_INFORMATION SUPPLIED_.
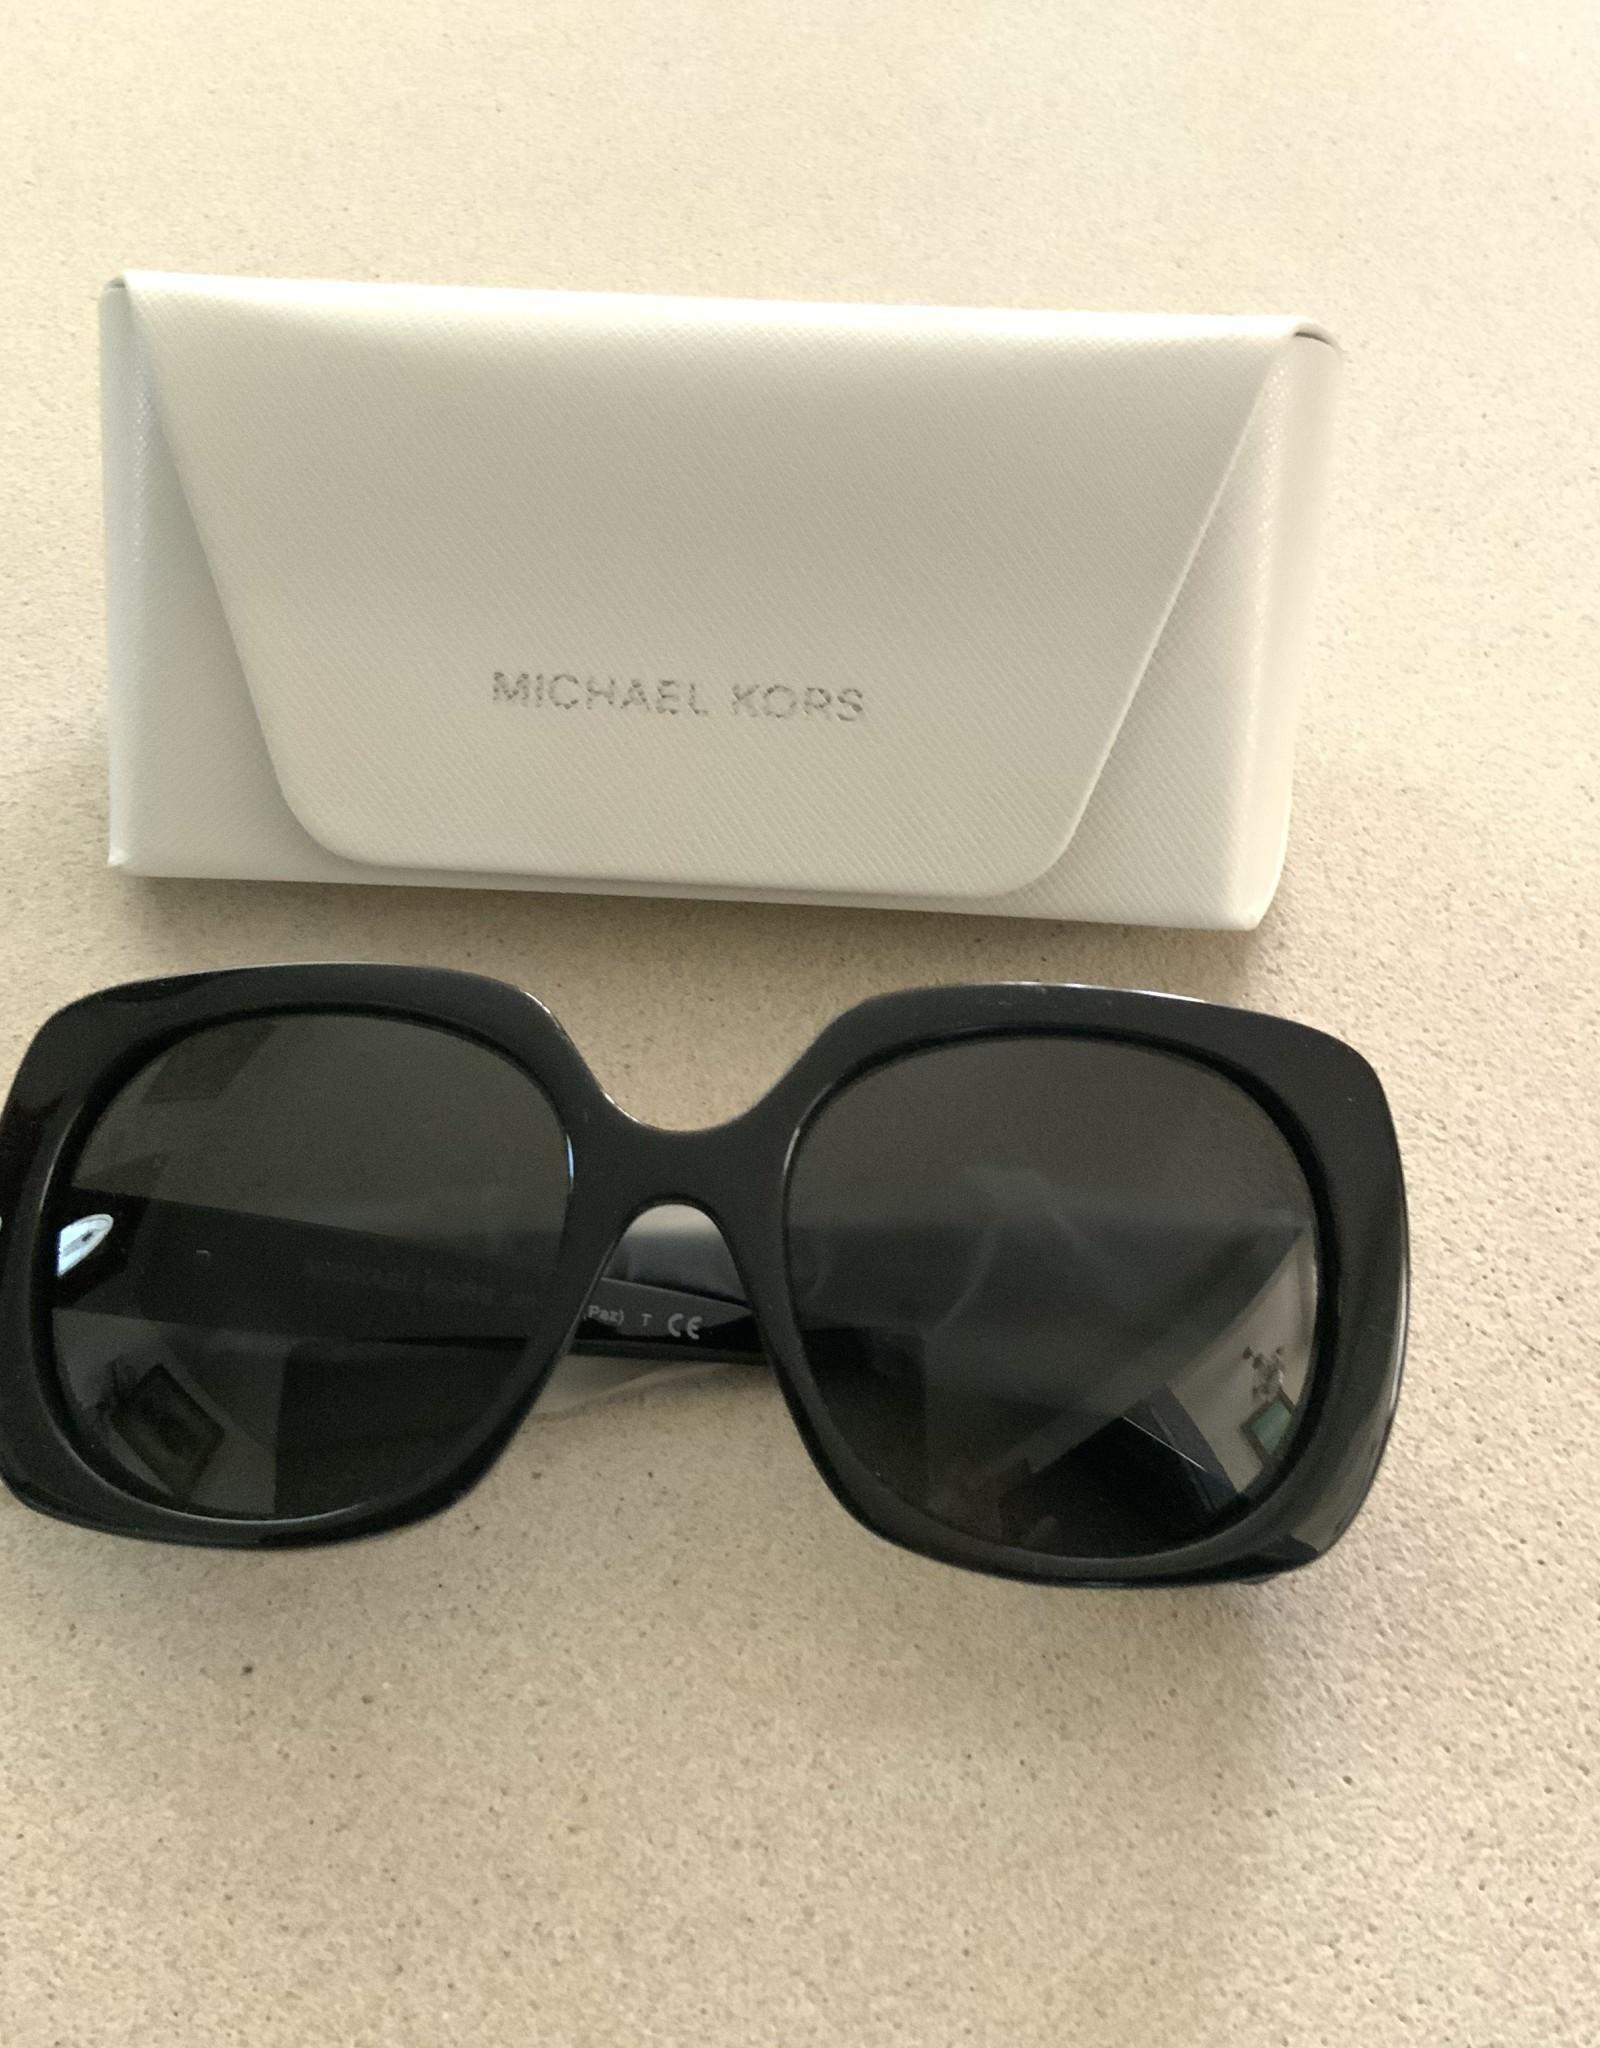 Michael Kors Michael Kors Sunglasses
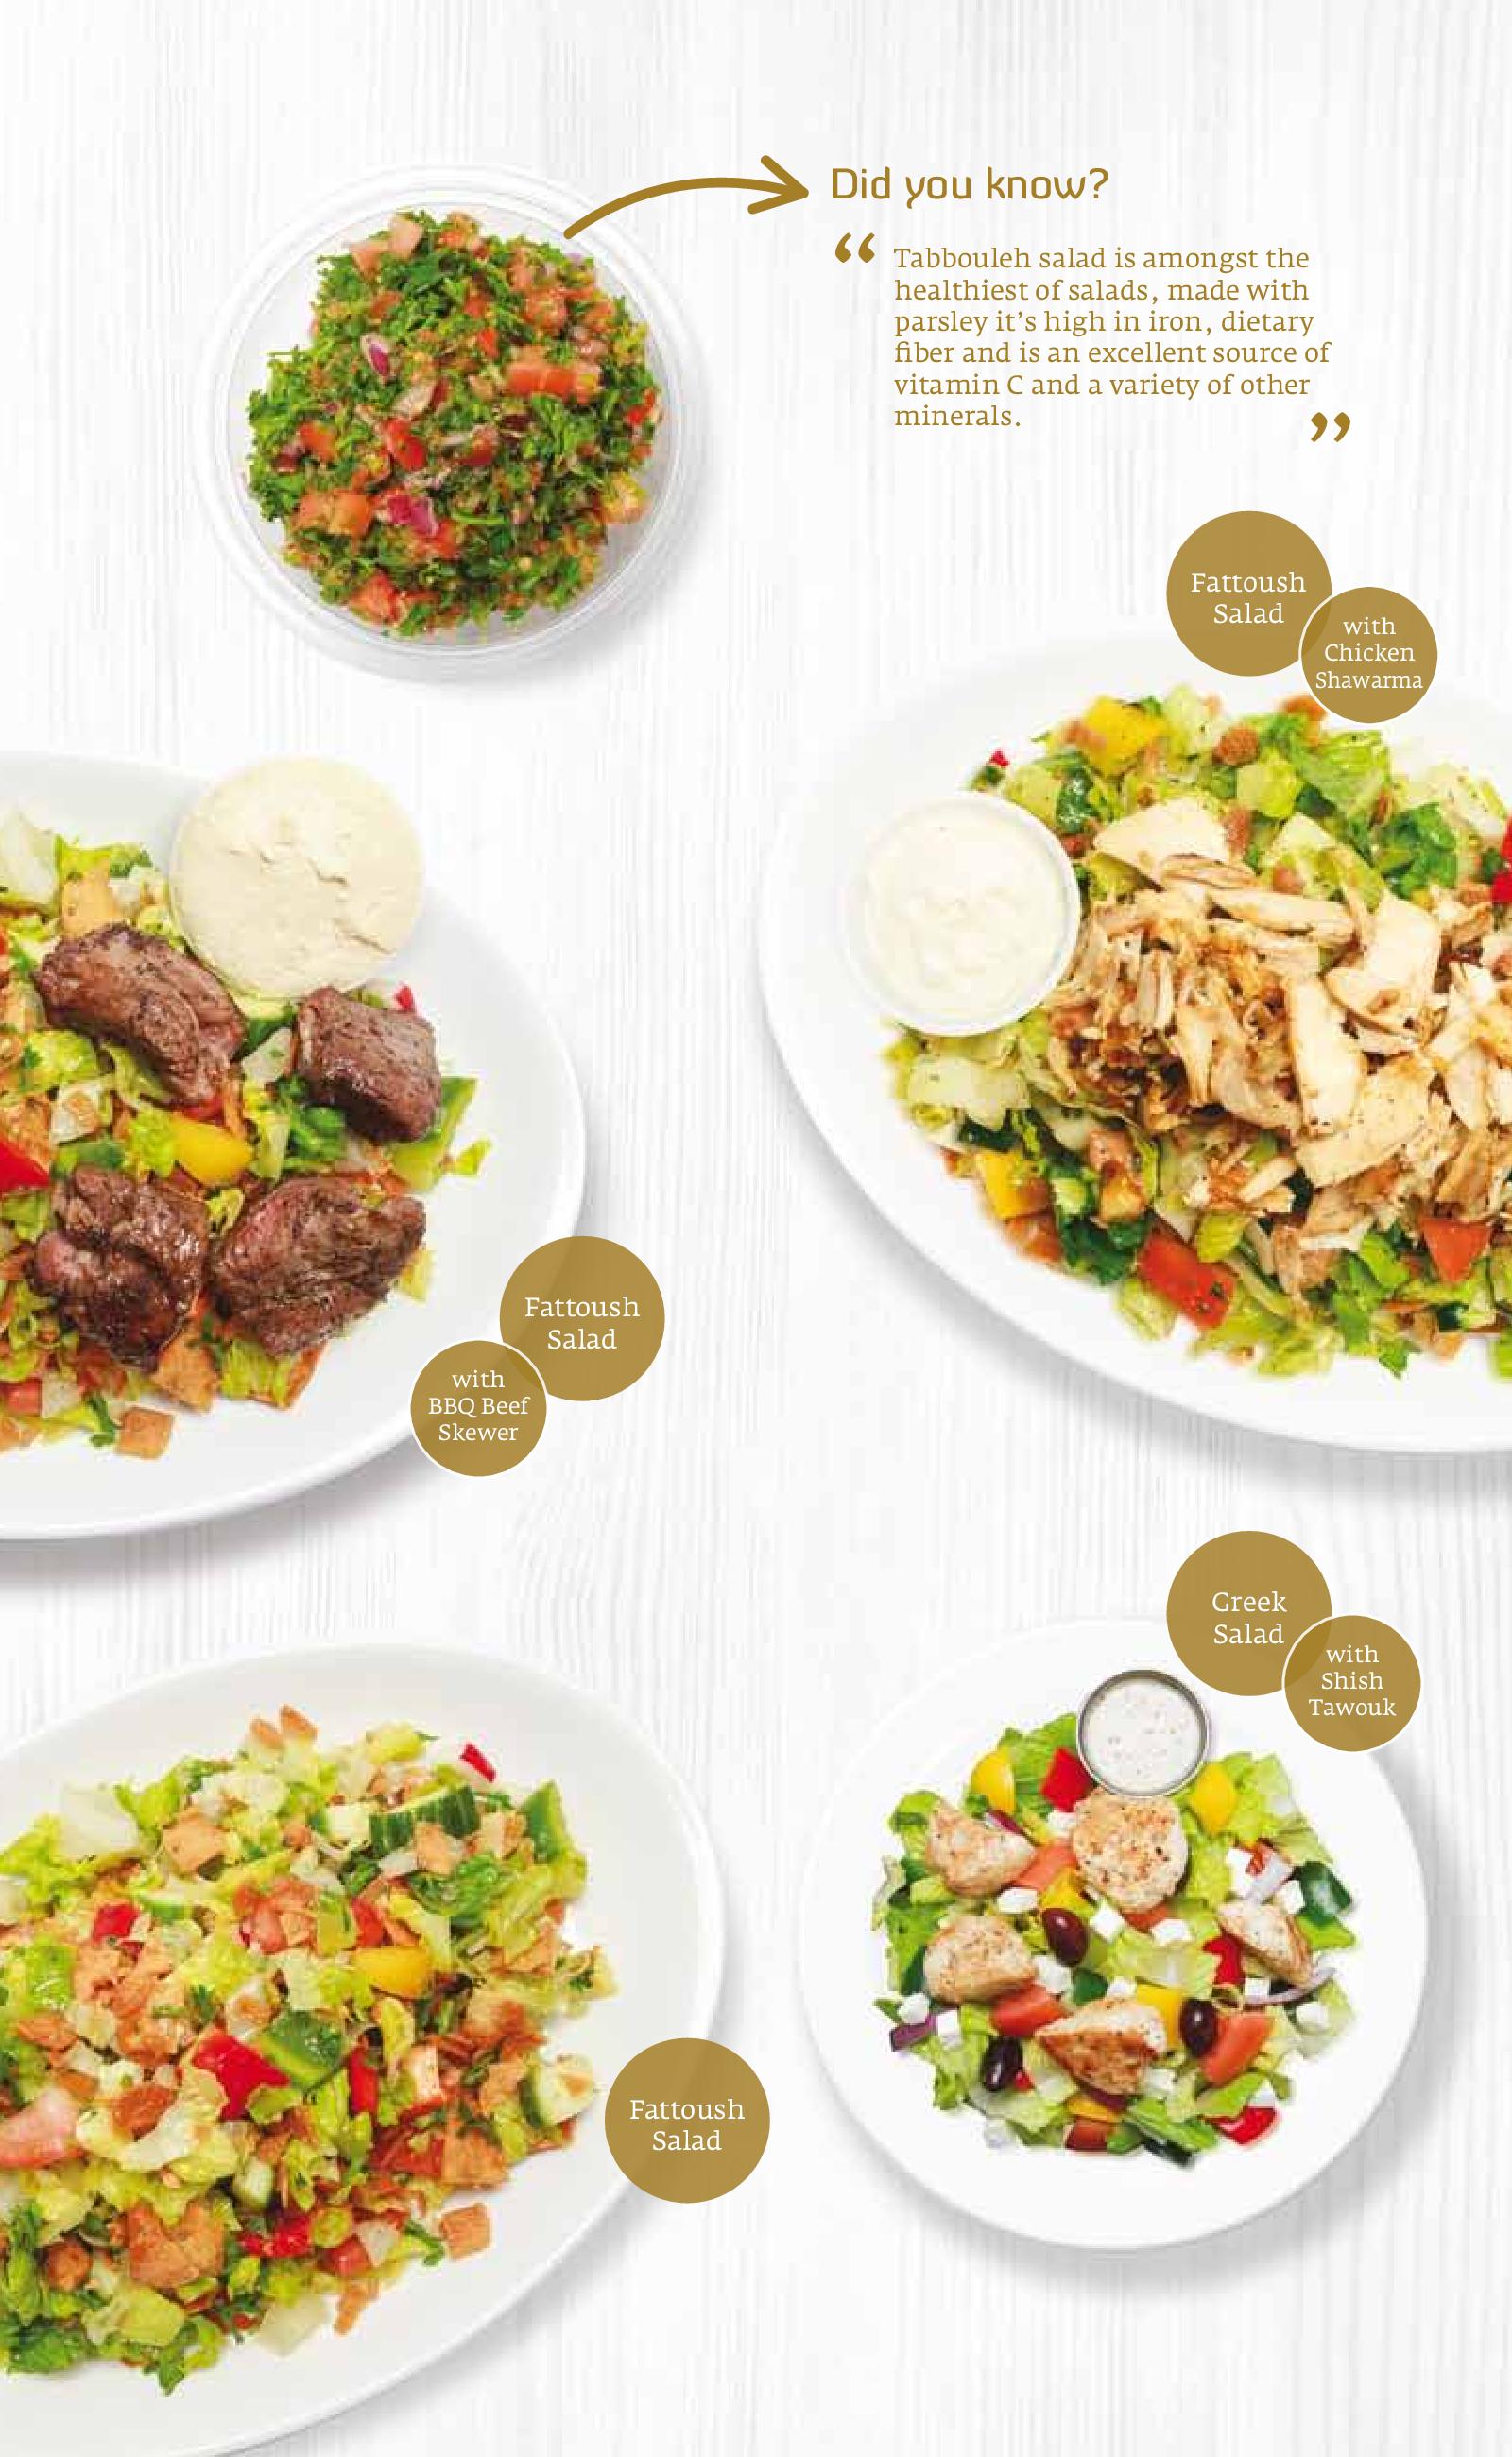 003-insert-menu-salads-f-cs6_pk_2
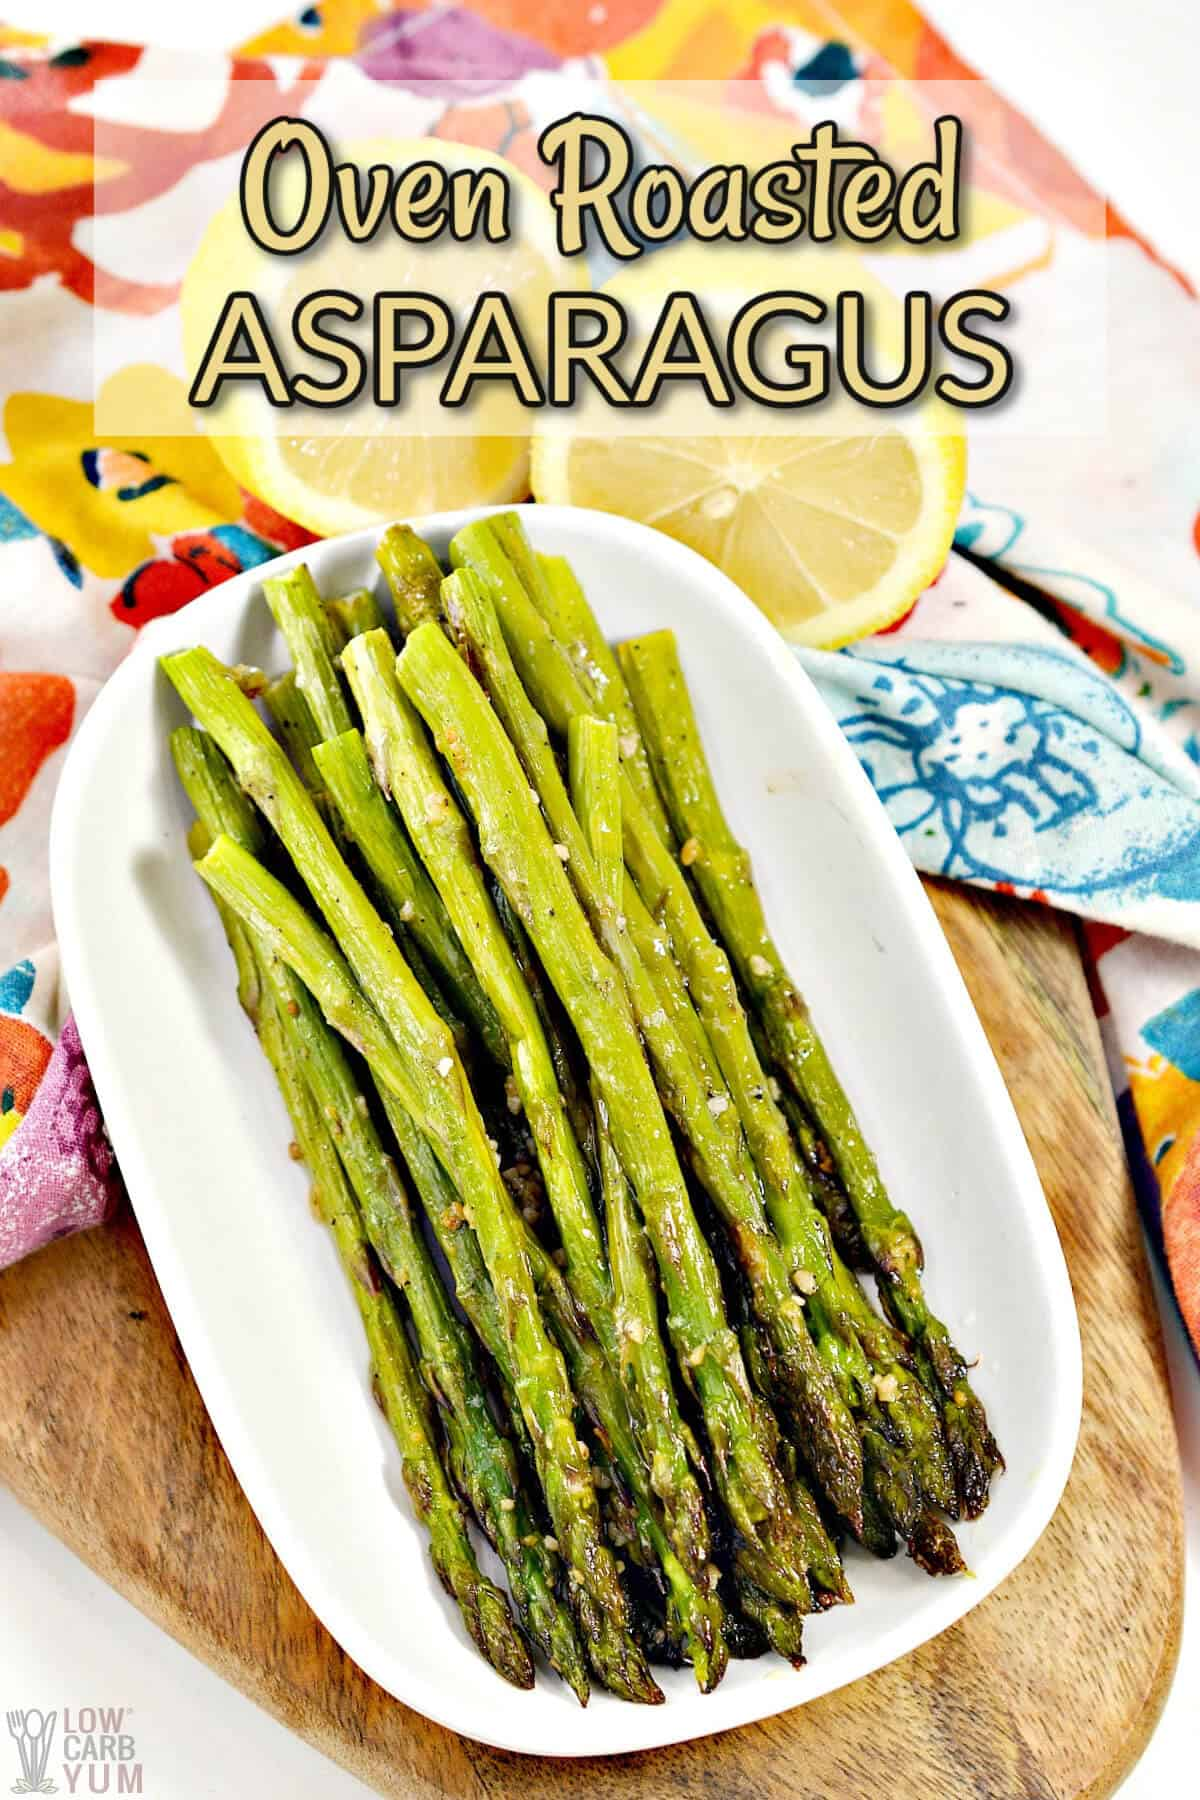 oven roasted asparagus pinterest image

_WORK ITEM_. Each line above must be repeated exactly in the answer, with pictures omitted.

_TASK RESPONSE_.
 Michael Kors Michael Kors Sunglasses
 003-insert-menu-salads-f-cs6_pk_2
 oven roasted asparagus pinterest image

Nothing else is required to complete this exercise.